One might as well turn this into a hotspot for the native wildlife to thrive.

But the empty liquor bottles strewn all around provided a telltale sign that the building was still serving a human purpose, as a refuge for the tipplers in town, away from the prying eyes of a conservative town, where drinking remains a social taboo.

The property appeared cramped and ill-planned. But then, even pieces of art when viewed at close quarters tend to appear more ordinary than you imagine!

Walking away from it and then turning back did provide a better view – the building looked like the “fine, luxurious lodge” described in a 1996 study by Frans Ambagtsheer and Leo Wevers, ex-architectural researchers at Technische-Universiteit Delft.

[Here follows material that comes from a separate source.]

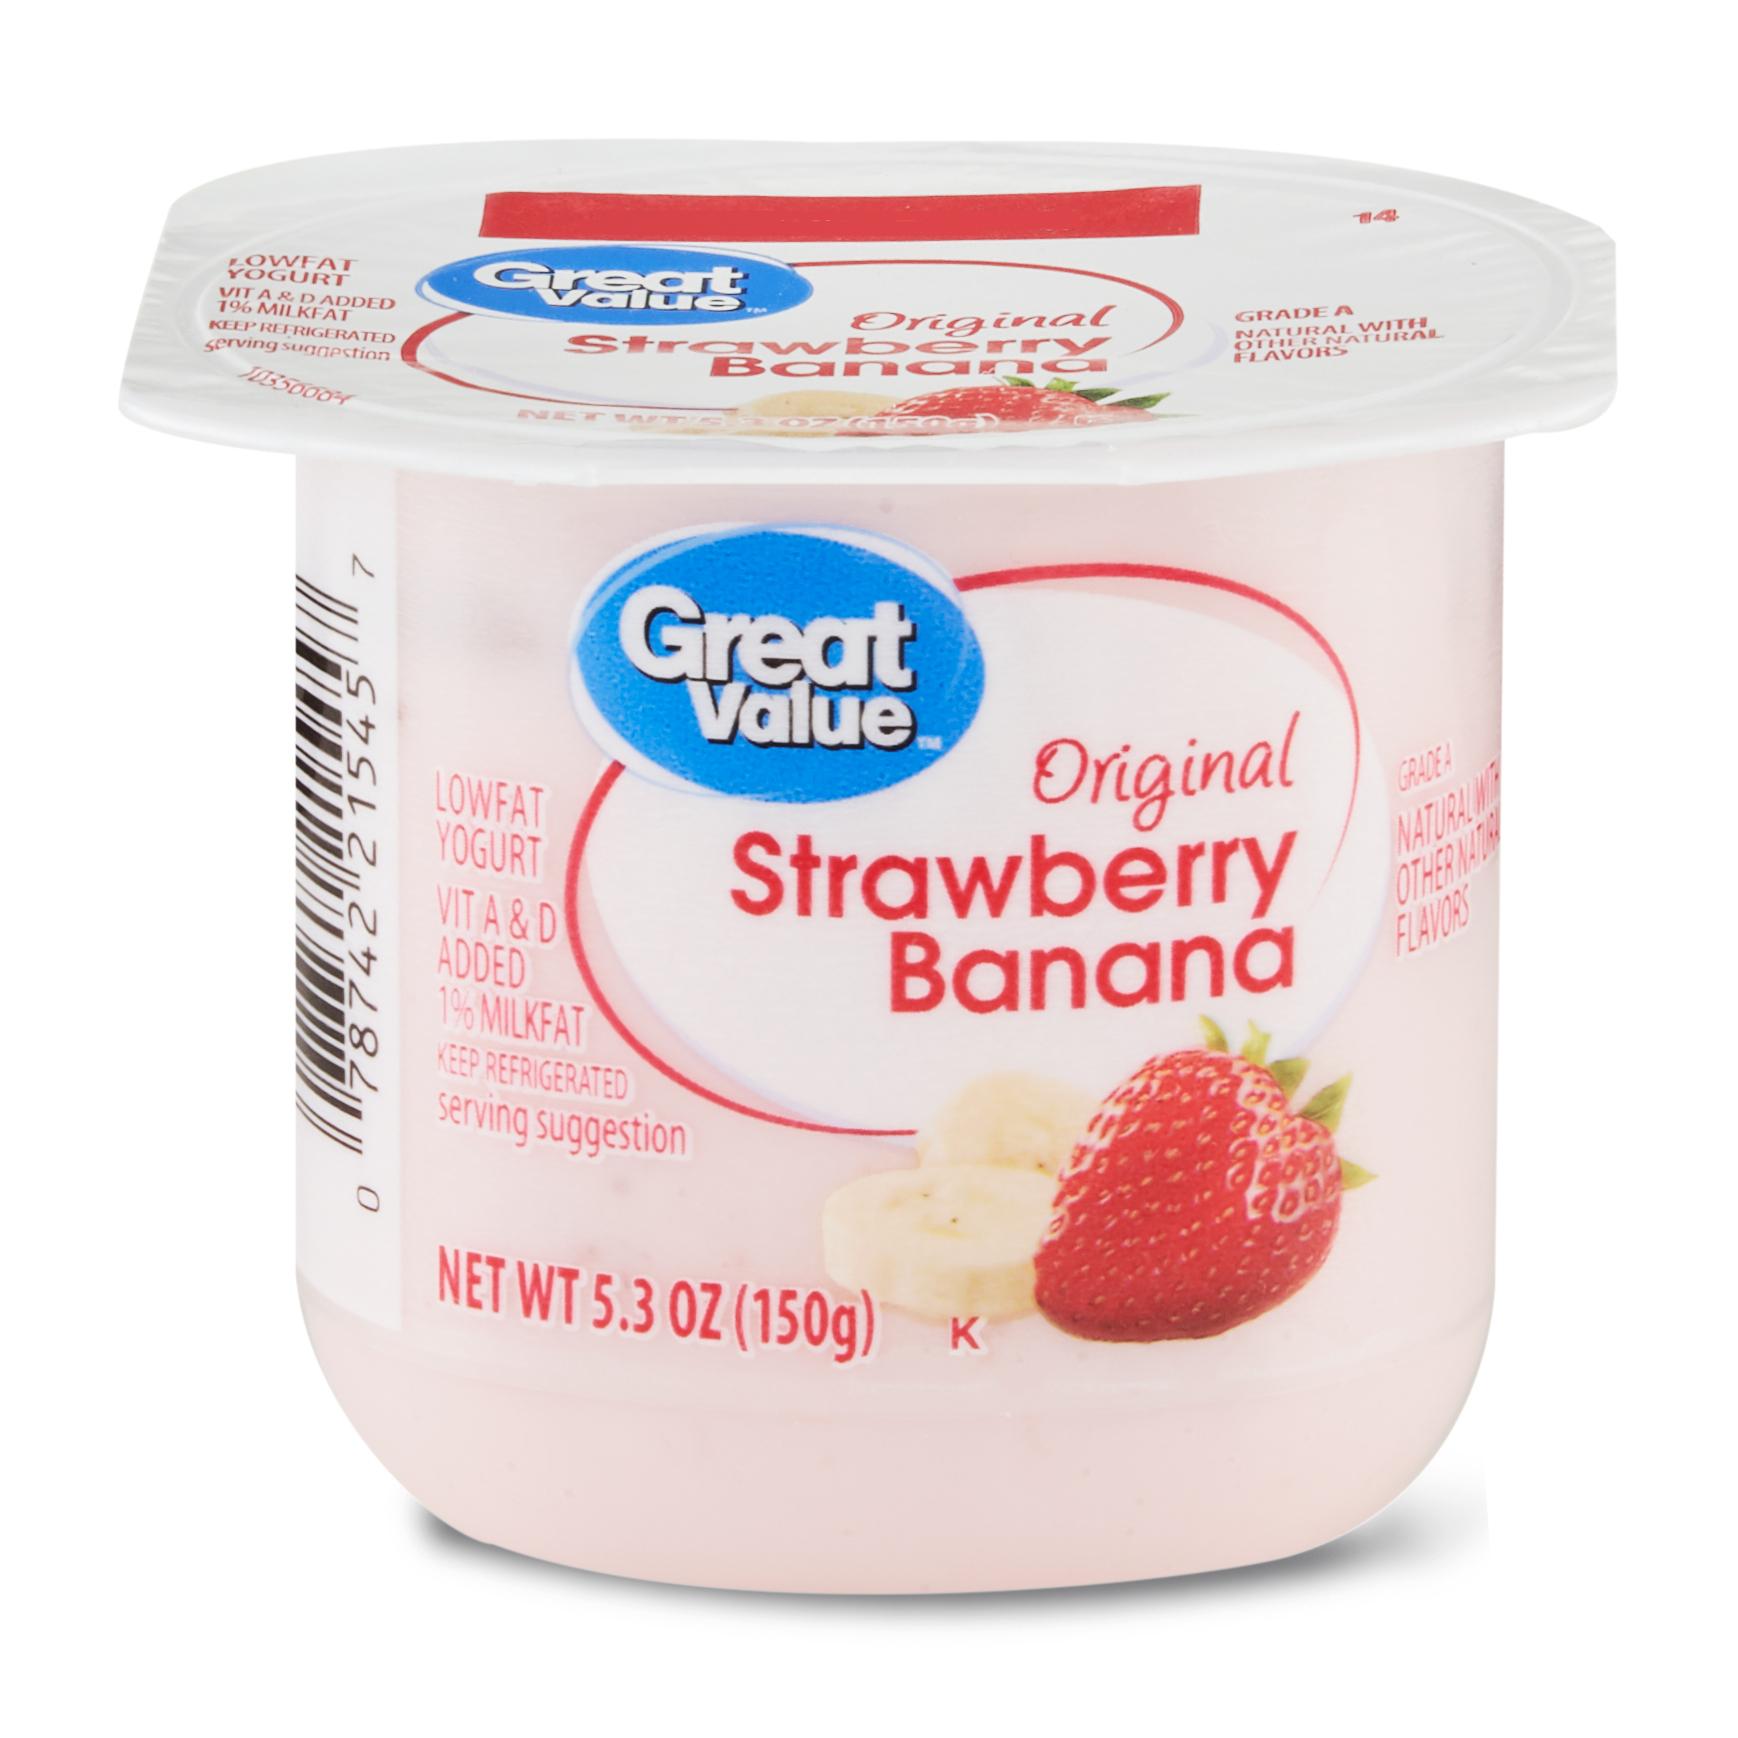 Great Value Original Strawberry Banana Lowfat Yogurt, 5.3 oz

“Among the very austere VOC architecture, this lodge with its vaults and cassette stuccowork is really an exceptionally beautiful building,” they had noted.

Ambagtsheer and Wevers also explained that “by means of the architecture of the building the founders of the lodge, in 1637, obviously intended to underline its strategic and commercial significance”.

****

Vengurla is as far from India’s commercial hub, Mumbai (formerly Bombay), as is Winterswijk – where I stayed while pursuing a master’s programme at Radboud University – from the hustle-bustle of the Randstad. The coastal town is located on the southernmost tip of the western Maharashtra state and lies approximately 500 kilometres south of Mumbai, which also happens to be the state’s capital.

About 50 kilometres further south is Goa, the paradise for global tourists.

A typical, quiet afternoon in Vengurla. Photo: Reuben Malekar

A Portuguese colony until 1961, this tiny western Indian state with its sun-kissed sandy beaches has transformed over the decades from a mecca for hippie backpackers to a much sought-after destination for both foreign and Indian vacationers.

Vengurla lacks Goa’s magical appeal. It is modest on tourist trappings and oblivious to its natural charms. The untouched beaches, quaint old houses, and ancient temples render it a rustic and thoroughly native look.

It is the perfect weekend destination for those in search of some quietude.

However, the town’s residents seem dissatisfied with their anonymity on the global tourist map. The international tourists are all flocking to Goa, they grumbled.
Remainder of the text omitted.